A calcinação ocorre na superfície, formando crosta de CaO (produto): analisa-se a transferência de calor desde essa superfície até a superfície de reação: há um gradiente de temperatura. A reação é endotérmica, esfriando a superfície de reação, assim, esta não pode ser considerada uma reação isotérmica: é necessário considerar a transferência de calor através da camada, afetando a cinética da reação. Reações de oxidação são mais complexas, envolvem transferência de calor e de massa.
Parâmetros cinéticos da reação de calcinação:
1 – Tamanho de partícula: quanto menor, mais rápida a difusão do CO2 da interface para fora (transporte de massa): a interface move-se com maior velocidade do exterior para o núcleo, sendo menor o tempo necessário e consequentemente maior a velocidade de calcinação.
2 – Temperatura: quanto maior, mais rápida a calcinação, que deve ocorrer por volta de 900 ºC, temperatura na qual a cinética da calcinação é mais rápida. Na partícula de CaCO3 ocorre difusão de CO2 do núcleo para fora e de calor de fora para dentro, de tal modo que no início só há CaO nas regiões mais externas da partícula, havendo ainda CaCo3 no núcleo da mesma. Quanto mais alta a temperatura, mais rápida a transformação de CaCO3 em CaO, de fora para dentro.
A sinterização na partícula de CaO formada afeta a difusão do CO2 para fora, diminuindo a velocidade de reação; este bloqueio interno torna necessário atingir a temperatura máxima para calcinação. Quando a calcinação corre em temperatura mais alta, há a tendência de obtenção de cal menos reativa. Quando a temperatura de calcinação é mais baixa, forma-se um produto poroso, trincado pela saída de CO2, resultando num produto bastante reativo, que viabiliza a dissolução da cal na escória.
A temperatura deve ser cineticamente favorável e o tempo não deve ser muito longo, desde que o produto tenha razoável reatividade.
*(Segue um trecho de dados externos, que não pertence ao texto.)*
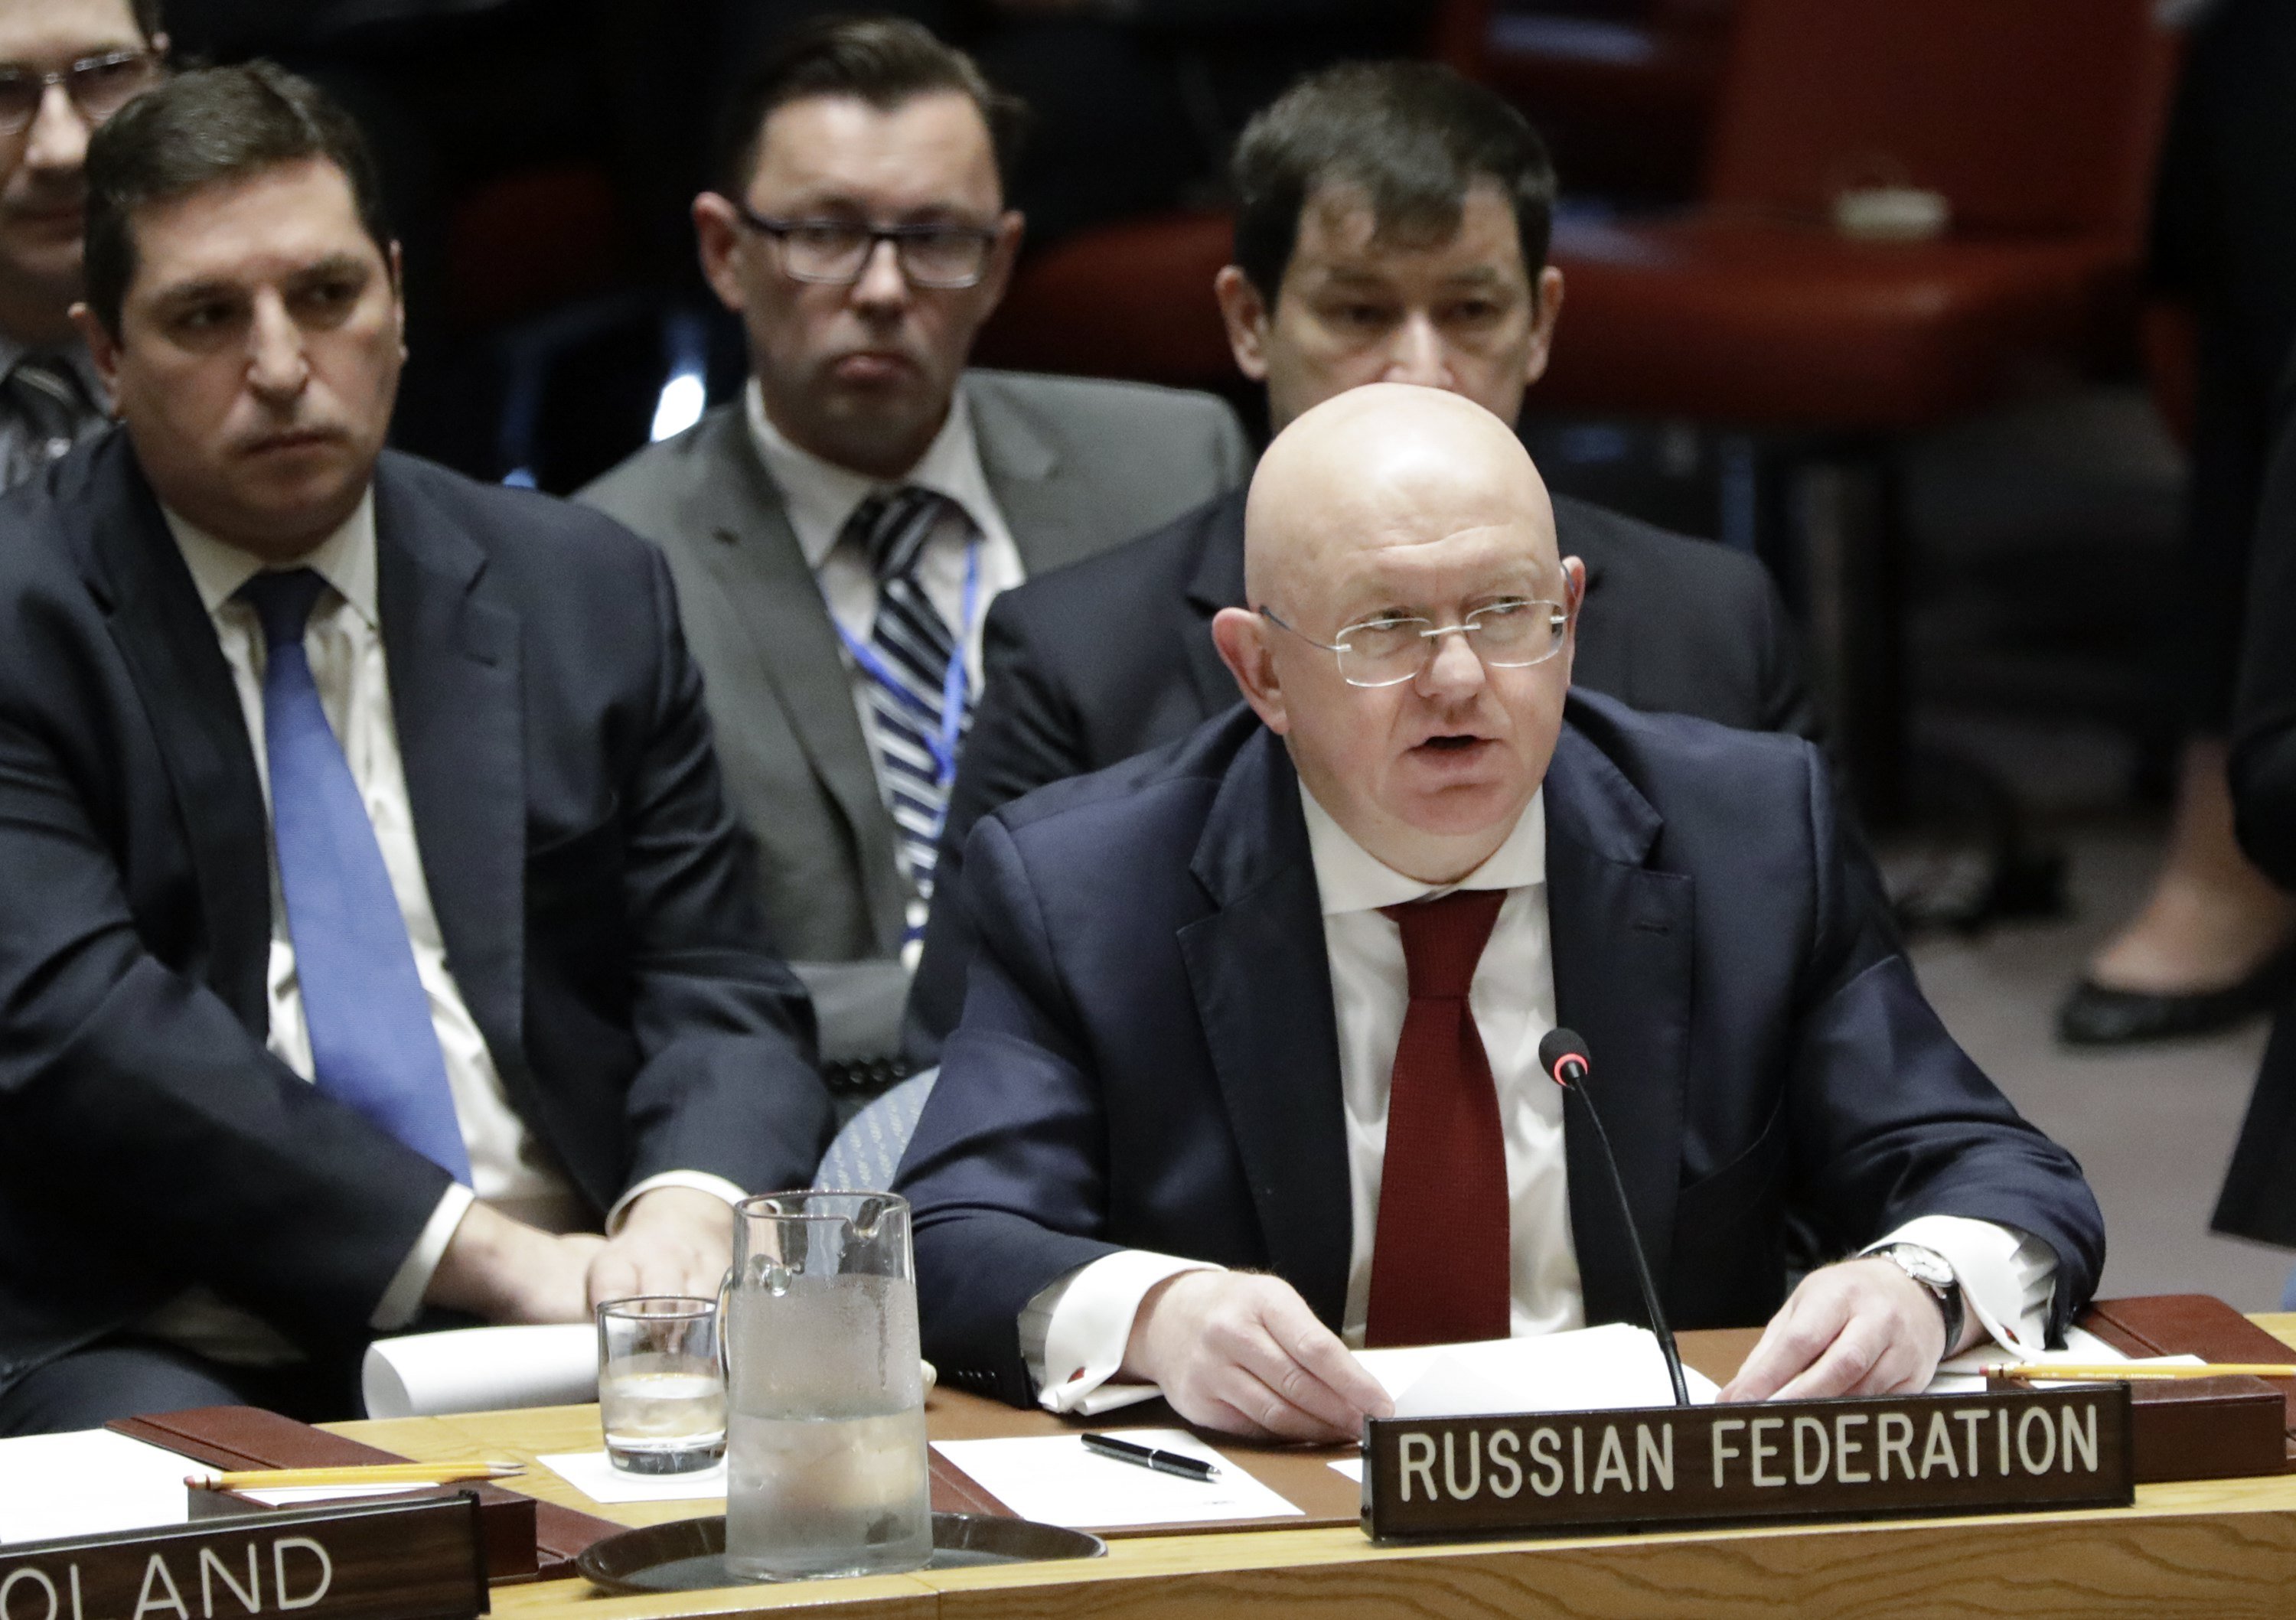 Conselho de Segurança da ONU reprova resolução russa que condenava ataques na Síria

Deste modo, determinam-se limites, inferior e superior, para as temperaturas de calcinação.
Um subproduto importante para a Pirometalurgia é a cal hidratada. A cal é, naturalmente, altamente higroscópica: a presença de H2O forma hidróxido mais estável do que a cal virgem. Como esta reação é exotérmica, o hidróxido formado é mais facilmente transportado. O CaO não é estável em condições atmosféricas: deteriora-se em presença de umidade do ar, acarretando problemas de estocagem. Com a hidratação da cal o hidróxido se esfolha, favorecendo a reação. A função primordial da cal é como fundente para escorificar gangas ácidas.